Sketches of Generic Framework for Quality Assessment of Volunteered Geographical Data
The history of volunteered geographical information movement dosn’t have such a long tradition. As was mentioned by  Kounadi (2009) in her thesis, a whole movement emerged when Google map API was hacked and the first crowd sourcing services like HousingMaps.com and Adrian Holovaty’s Chicago Crime3 emerged. In general, the whole movement is based as marked by  Goodchild (2007) "human is able to act as an intelligent sensor, perhaps equipped with such simple aids as GPS or even the means of taking measurements of environmental variables". Amateur enthusiast start to be cartographers but the difference is that they don’t have much knowledge about the many aspects of map making. Some authors  Coleman et al. (2009) even argue that these contributors can be organized in groups from "Neophyte" to "Expert Authority". Everyone can contribute to the Neogeography field but not everyone contributes data of the same quality. The reason for that is a lack of practice and knowledge which can be improved by practice and experience in map making, amazing to see the citation from  Andrew et al. (2009) "How such technologies and tools evolve, is not only dependent on advances in technology itself but also the users of such technology". What is interesting when we look generally at an example of OpenStreetMap which is probably now the best and biggest service of volunteered geographical information system in use today but not the only one.
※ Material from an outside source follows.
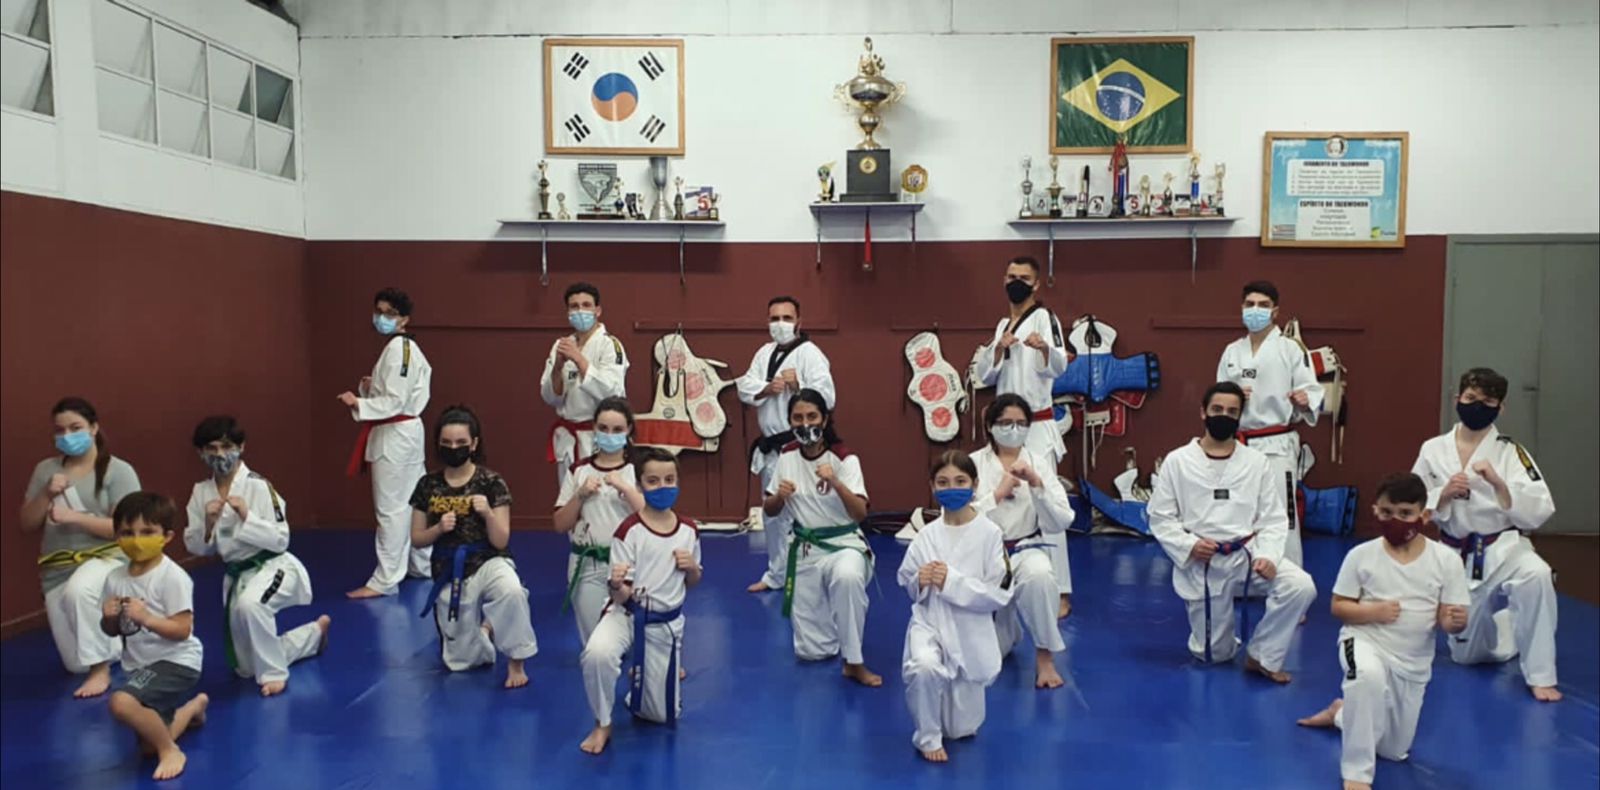 Venha participar das Aulas de Taekwondo do Juventus!
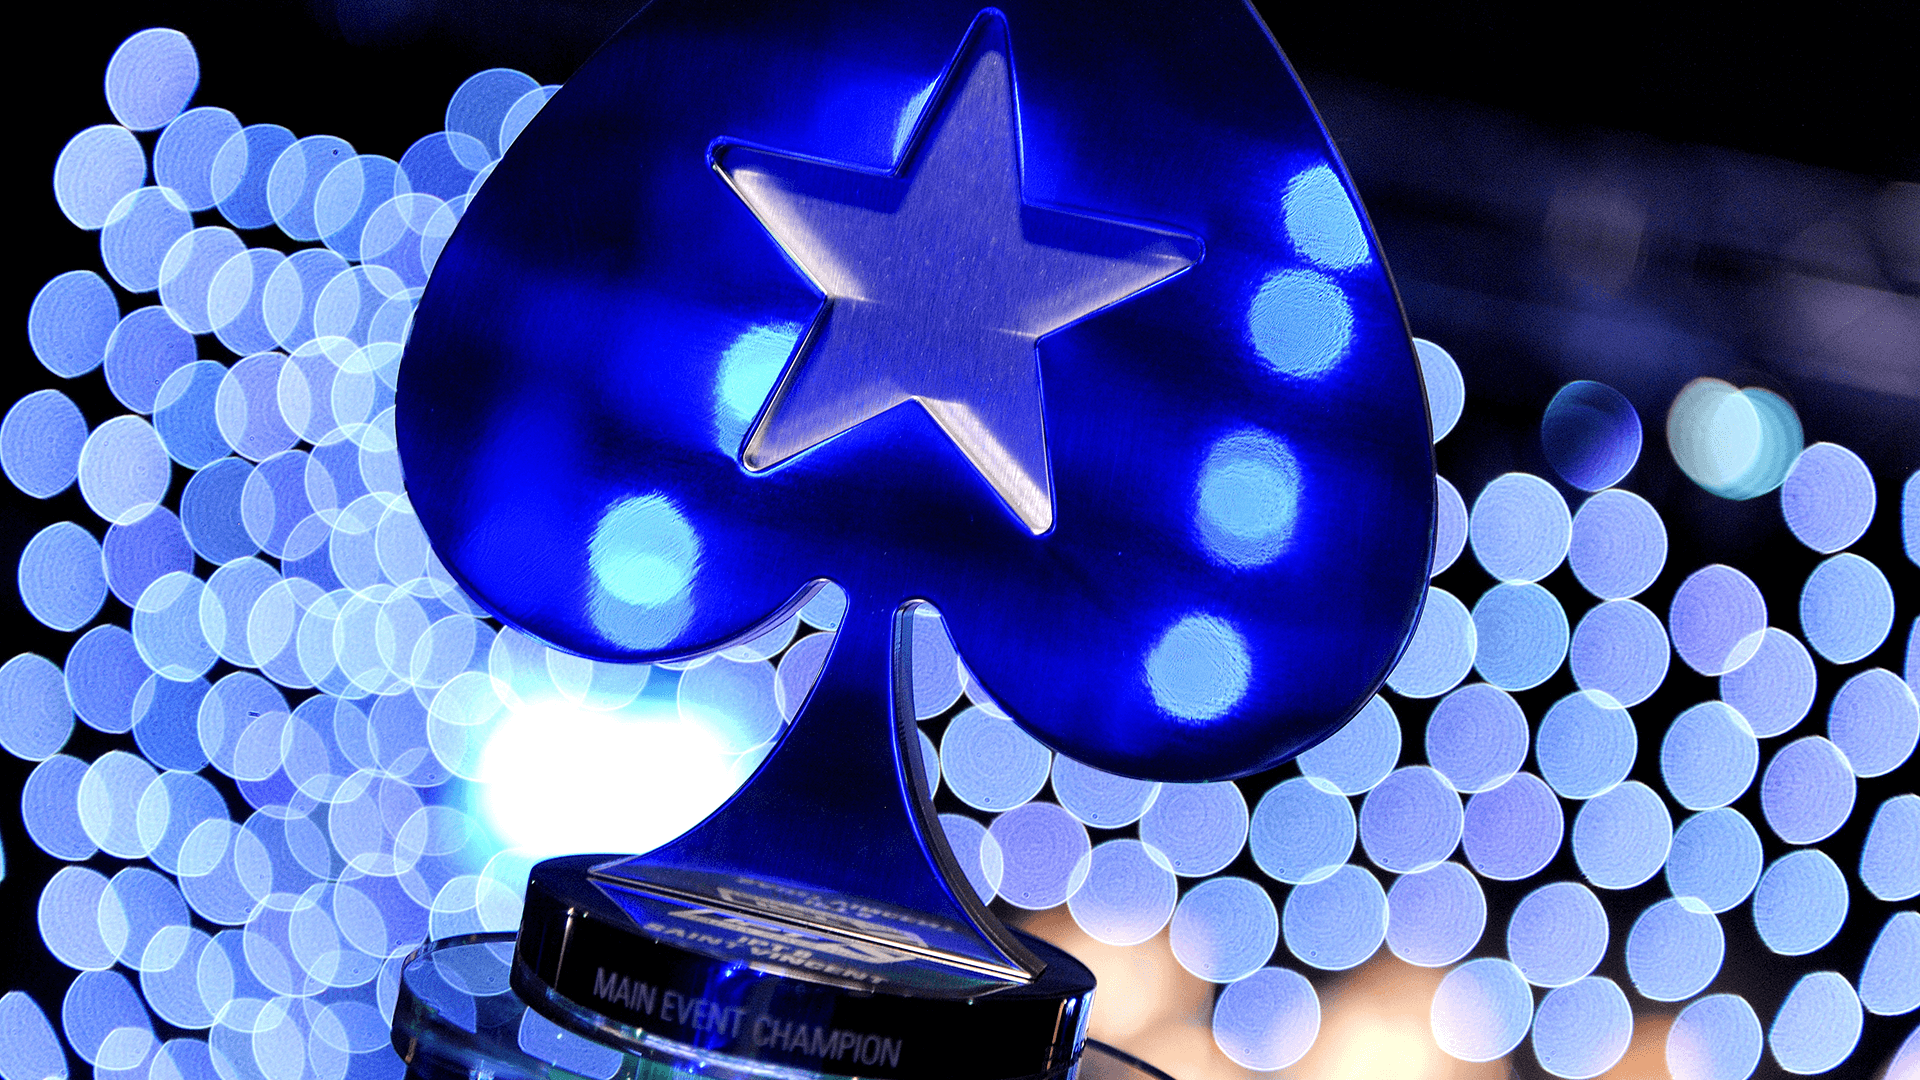 PokerStars Trophy

If we talk about contributors from my own experience, I have found that knowledge about mapping practices and conventions is spread between people, from the most influential to complete beginners, by good advice and imitation. We, as researchers are interested how this evolution of quality in data my affect a final product map in a system like OpenStreetMap and we are curious if there will be some way for automatic assessment.
Our first connection with the measurement of data quality in OpenStreetMap was manual and labour intensive. We would like to answer one question, what is going on in Ireland how good are maps there. We have not any access to proprietary datasets so it was necessary to compare Openstreetmap dataset with Bing , Yahoo and Google maps by overlaying OSM lines on available tiles. We chose five cities of different size and representing different types of townland in the Republic of Ireland. Every town was carefully and manually checked, every set against OSM, to compare positional accuracy  Blazej et al. (2010) and we gave marks to towns depending on how many mistakes or inconsequences we found inside the road network. Our conclusion from that research was that Motorways are always CORRECTLY shaped in all systems. National Roads are also REPRESENTED ACCURATELY in all systems but sometimes the data is a little outdated, especially in the proprietary systems. When the city is well mapped like Waterford or Dublin, we have nearly all regional roads and estates PRESENT in Openstreetmap. In Drogheda THERE are still big gaps in the coverage of roads. Generally that early attempt was labour intensive and slow but gave us a general overview of how the situation looks in Ireland in the case of VGI data accuracy and reveals to us some indicators, which allow us to say that there is some activity in a particular area.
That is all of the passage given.